SUPPLIED INFORMATION
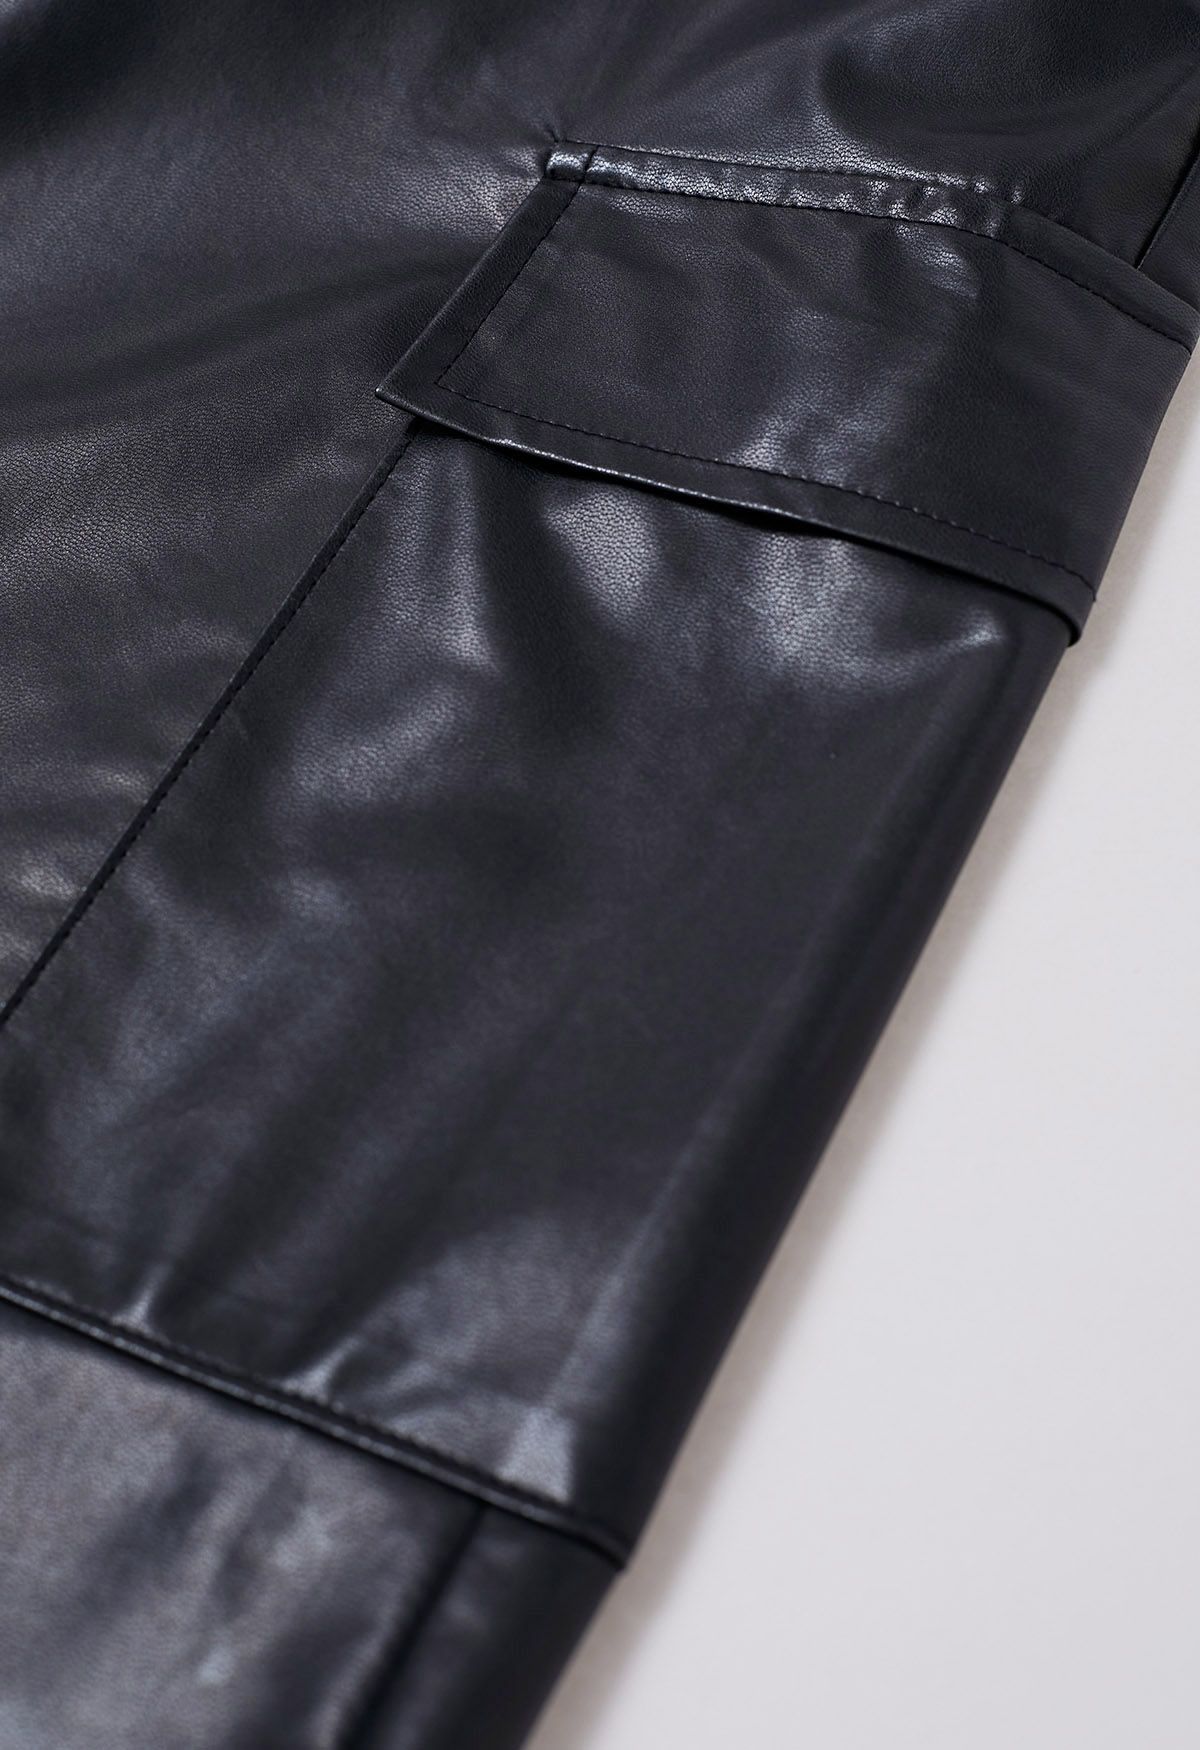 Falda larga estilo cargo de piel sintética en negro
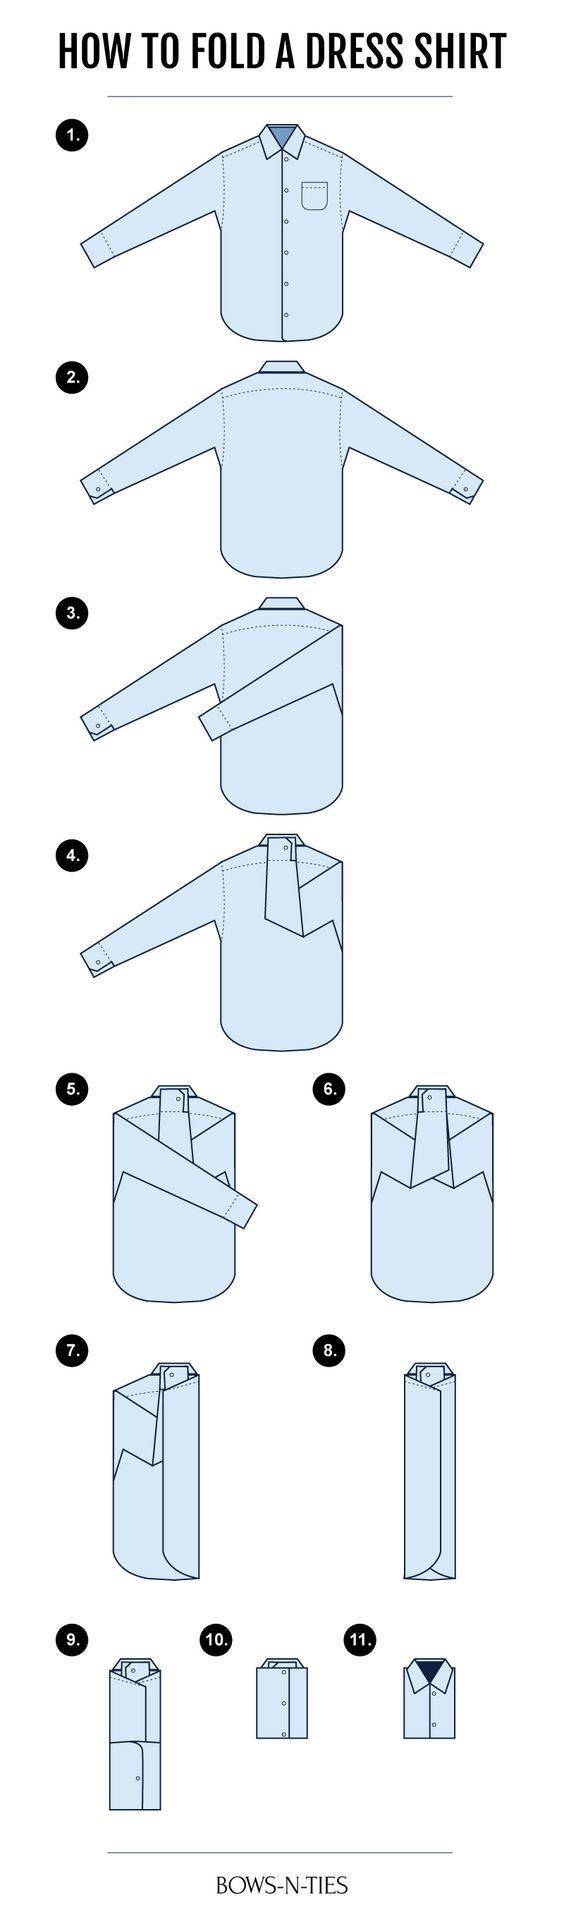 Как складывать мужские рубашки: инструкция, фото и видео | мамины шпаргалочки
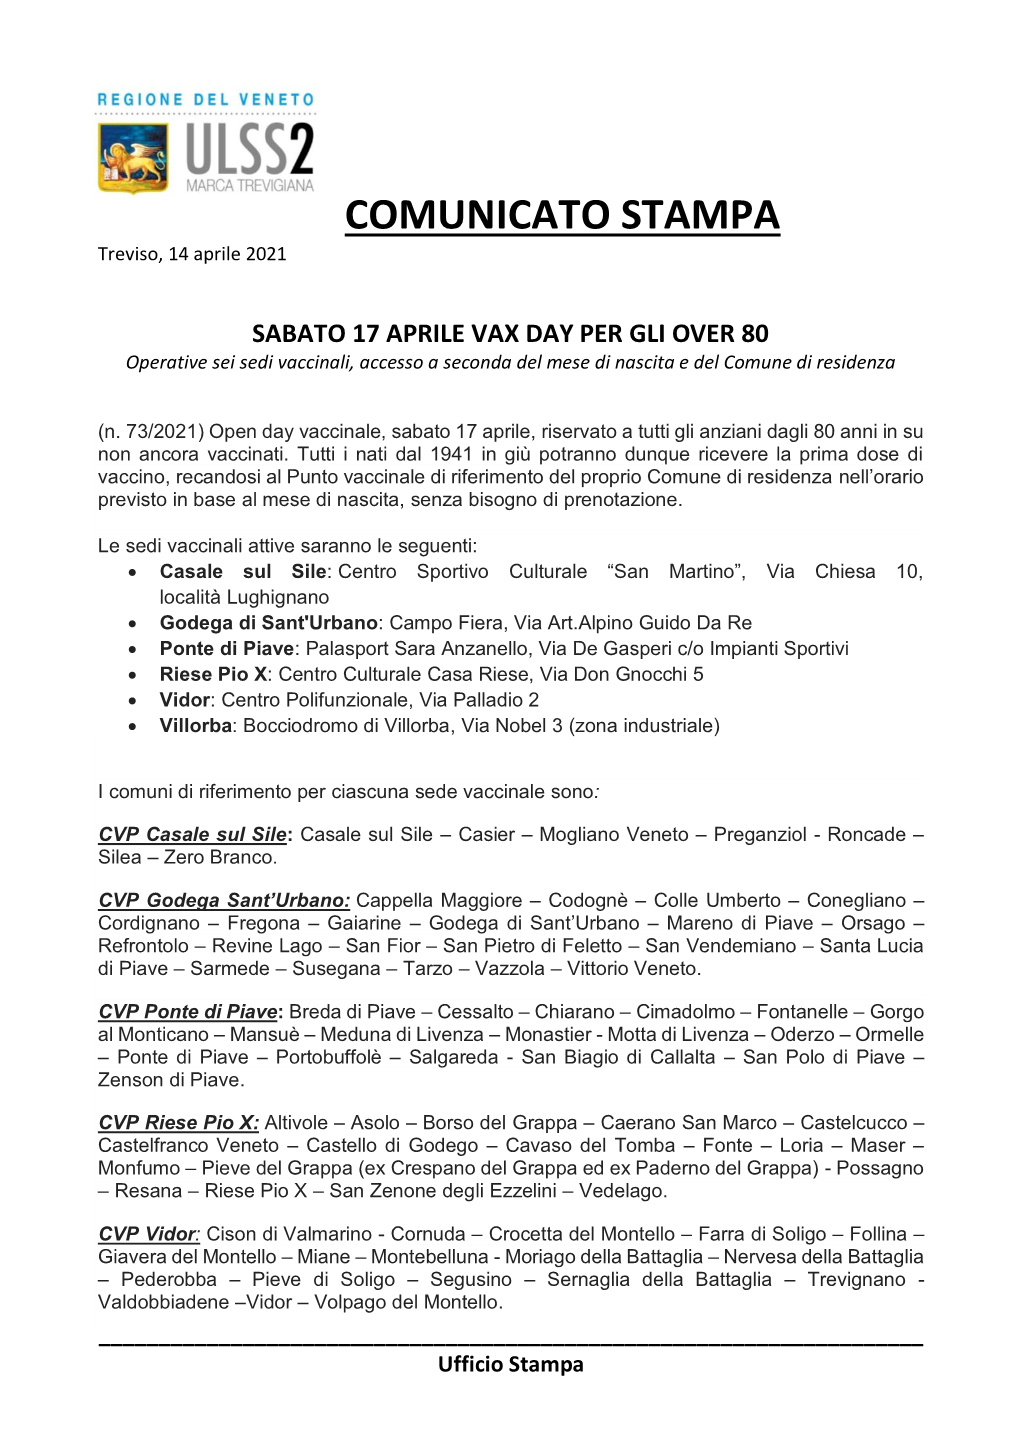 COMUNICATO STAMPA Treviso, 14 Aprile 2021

WORK ITEM
Everything but the pictures is needed: copy the data above exactly.

RESULT OF THIS EXERCISE
 Falda larga estilo cargo de piel sintética en negro
 Как складывать мужские рубашки: инструкция, фото и видео | мамины шпаргалочки
 COMUNICATO STAMPA Treviso, 14 Aprile 2021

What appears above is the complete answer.